John knew Sherlock wasn't suicidal, he knew how he adored life and the thrill of the chase, he was too emerged in life to want to flee it. John knew that all too well because he was the man who was suicidal before they met. That was the reason he kept his gun in his drawer constantly checking up on it to see did it vanish. That gun was his exit card, if things went too meaningless he would just pull the trigger and be gone.
Now that wasn't an option. Sherlock ruined that. He made that gun a centre point of John's role in his adventures. John was two things that Sherlock wasn't. He was a doctor and he was a soldier. First meant that he could examine a body or to help a person, the second one meant that he could protect them if needed.

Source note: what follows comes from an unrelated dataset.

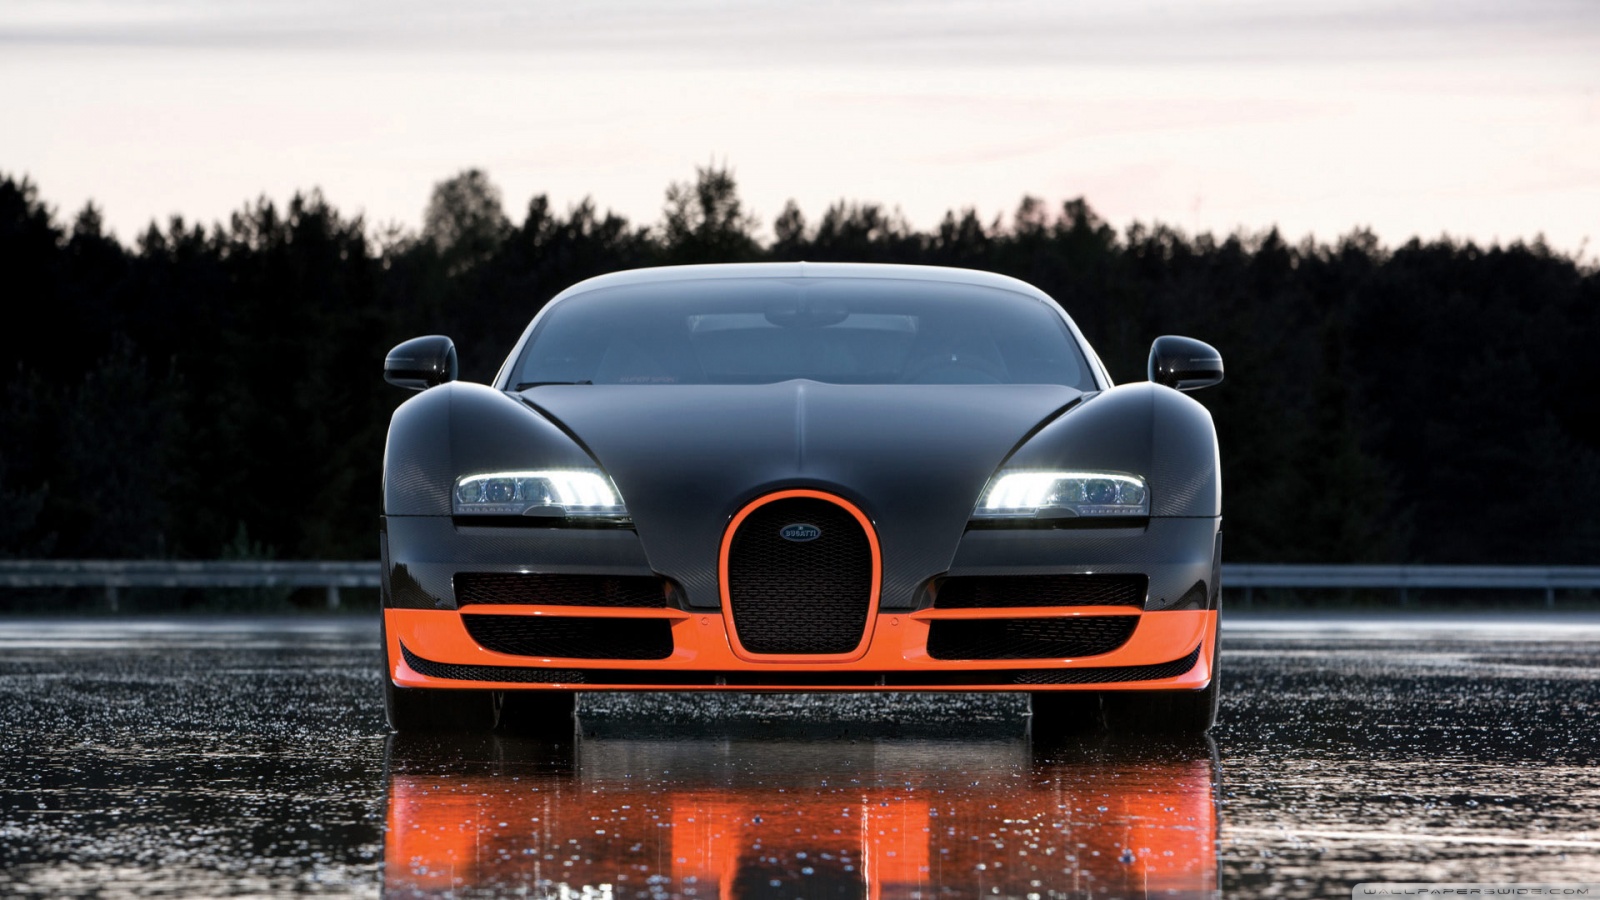 Bugatti Veyron Wallpaper HD For Laptop World Number One Cars

To break that function of his gun would be to betray Sherlock
John was sure that in Sherlock's mind jumping off that building was to protect John. All that he said could be interpreted in that light. Why would he lead a private conversation so wrongly lying all the time? Someone listened and Sherlock complied. That was the only explanation John could find. Everything else was just a lie.
If Sherlock would really do that, before the end he would insult John in some manner, he would insult the whole world. Sherlock would never talk about himself in a moment like that because Sherlock didn't think of himself as interesting. All he thought about was the world and all its faults.
Someone falling to its death would say what's wrong with the world. Like now, John would say there's no Sherlock in this world, but that would be the thing that would stop John.
If Sherlock did what he did for John he surely didn't do it so he could escape too.
No, there was no escape for John. He was trapped on this side and he'll have to deal with it. If only he could think of something to do, something at least partly entertaining.
'The game is on,' said Sherlock in his mind and John smiled.
"For you," he murmured and decided to lift himself up and get out.
If Sherlock could see John it wouldn't be nice if there was nothing to see, would it?